**Charles Torre, professor of physics at Utah State University and a researcher in gravitational and mathematical physics, provides this answer:**

Image: History of Mathematics |

Electric charges and magnets do indeed "distort space," but this happens on a couple of levels.

First, a word of background. According to the current best theory of gravitation, which is contained in Albert Einstein's famous general theory of relativity, a gravitational field represents a curvature of space-time, rather than a distortion of it. Anything that carries energy, momentum and stresses is a source of a gravitational field, that is, a curvature of space-time.

Electric charges and magnets are manifestations of certain types of matter, most particularly electrons. Since matter carries energy (via Einstein's famous relation that energy is mass times the speed of light squared), such objects will have a gravitational field and so they will distort space-time. So one way in which a charge or a magnet will distort space-time is by virtue of its matter. That answer may not sound too impressive, but there is more. . . .

You see, electromagnetic fields themselves carry energy
(and momentum and stresses). The energy density carried by an electromagnetic field can be computed by adding the square
of the electric field intensity to the square of the magnetic field intensity. As another example, a beam of light (produced from,
say, a laser) consists of an electromagnetic field, and it will exert a force on charged particles. Thus the electromagnetic field
carries momentum. Because an electromagnetic field contains energy, momentum, and so on, it will produce a gravitational
field of its own. This gravitational field is *in addition* to that produced by the matter of the charge or magnet.
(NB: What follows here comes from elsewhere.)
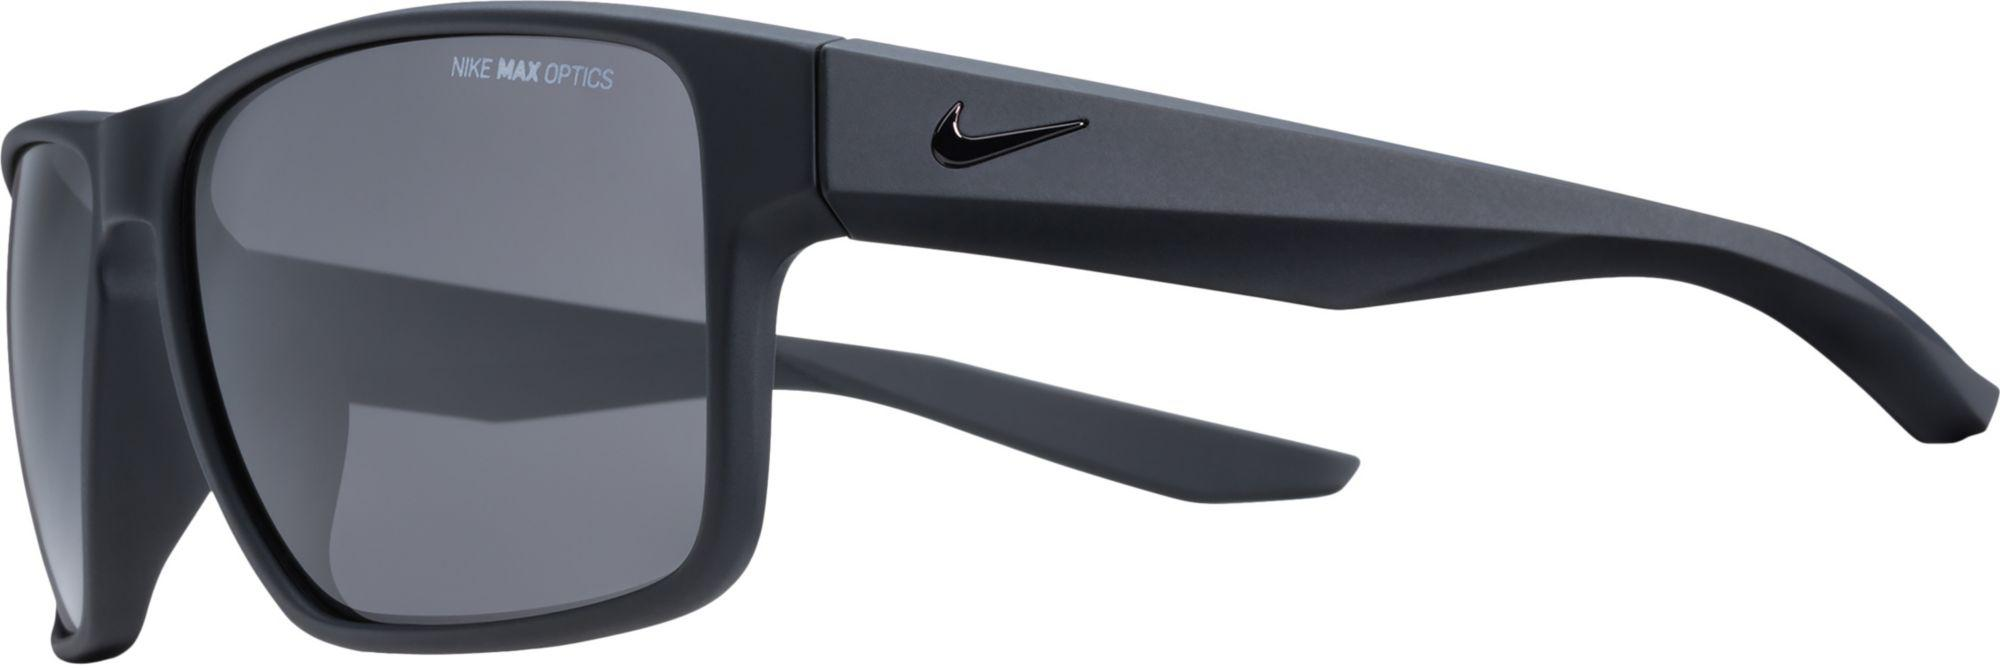 1ce046917695 Nike - Gray Essential Venture Sunglasses for Men - Lyst. View fullscreen
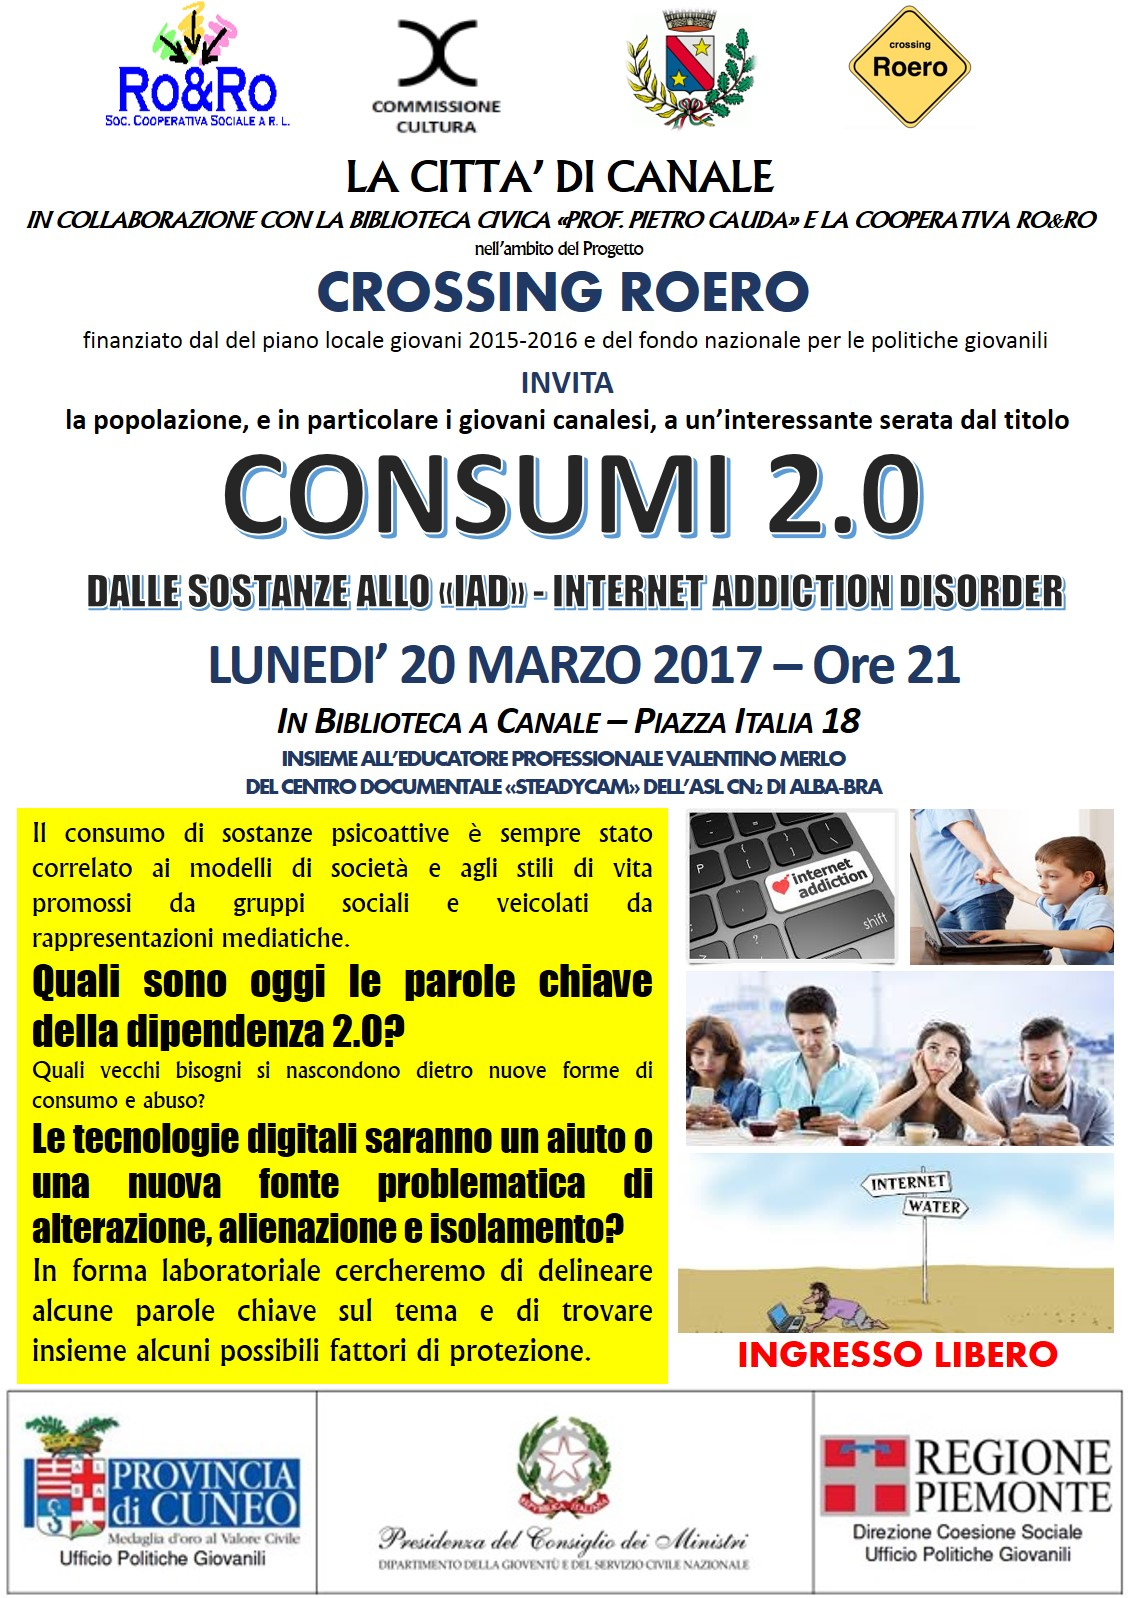 Internet Addiction Disorder_20.03.2017

A simple example of the gravitational (or space-time curvature) effect of electric charges arises in the "Reissner-Nordstrom" solution to Einstein's gravitational field equations. This solution describes the gravitational field in the exterior of a spherical body with non-zero net electric charge. (The solution describing the special case in which the net electric charge is zero is the famous "Schwarzschild solution" to the gravitational field equations.) From the Reissner-Nordstrom solution, it is clear that the motion of test particles in the gravitational field of the spherically symmetric body depends on whether or not the body carries a charge. Just as the Schwarzschild solution can be extended to describe the famous phenomenon of a "black hole," the Reissner-Nordstrom solution can be extended to describe a "charged black hole." For an electrically charged black hole, the gravitational field of the hole includes a contribution due to the presence of an electric field.

I do not know (and I doubt) whether this aspect of gravitational theory (that electromagnetic fields produce gravitational fields) has been directly tested by experiment. The difficulty is that the gravitational field produced by a typical electromagnetic field you can produce in a laboratory is predicted to be very, very weak. A better place to look for gravitational effects due to electromagnetic fields would be in astrophysical objects carrying a significant net electric charge. Unfortunately, to my knowledge, such objects are expected to be hard to come by. So while the answer to the question is definitely "yes" according to theory, the experimental status of this effect appears to be somewhat open.

If you want to read more about some of these ideas, you might try
*Space, Time, and Gravity,* by Robert Wald (University of Chicago Press, 1992). This book is aimed at non-specialists.
For a more detailed mathematical treatment, you can consult any text on the general theory of relativity.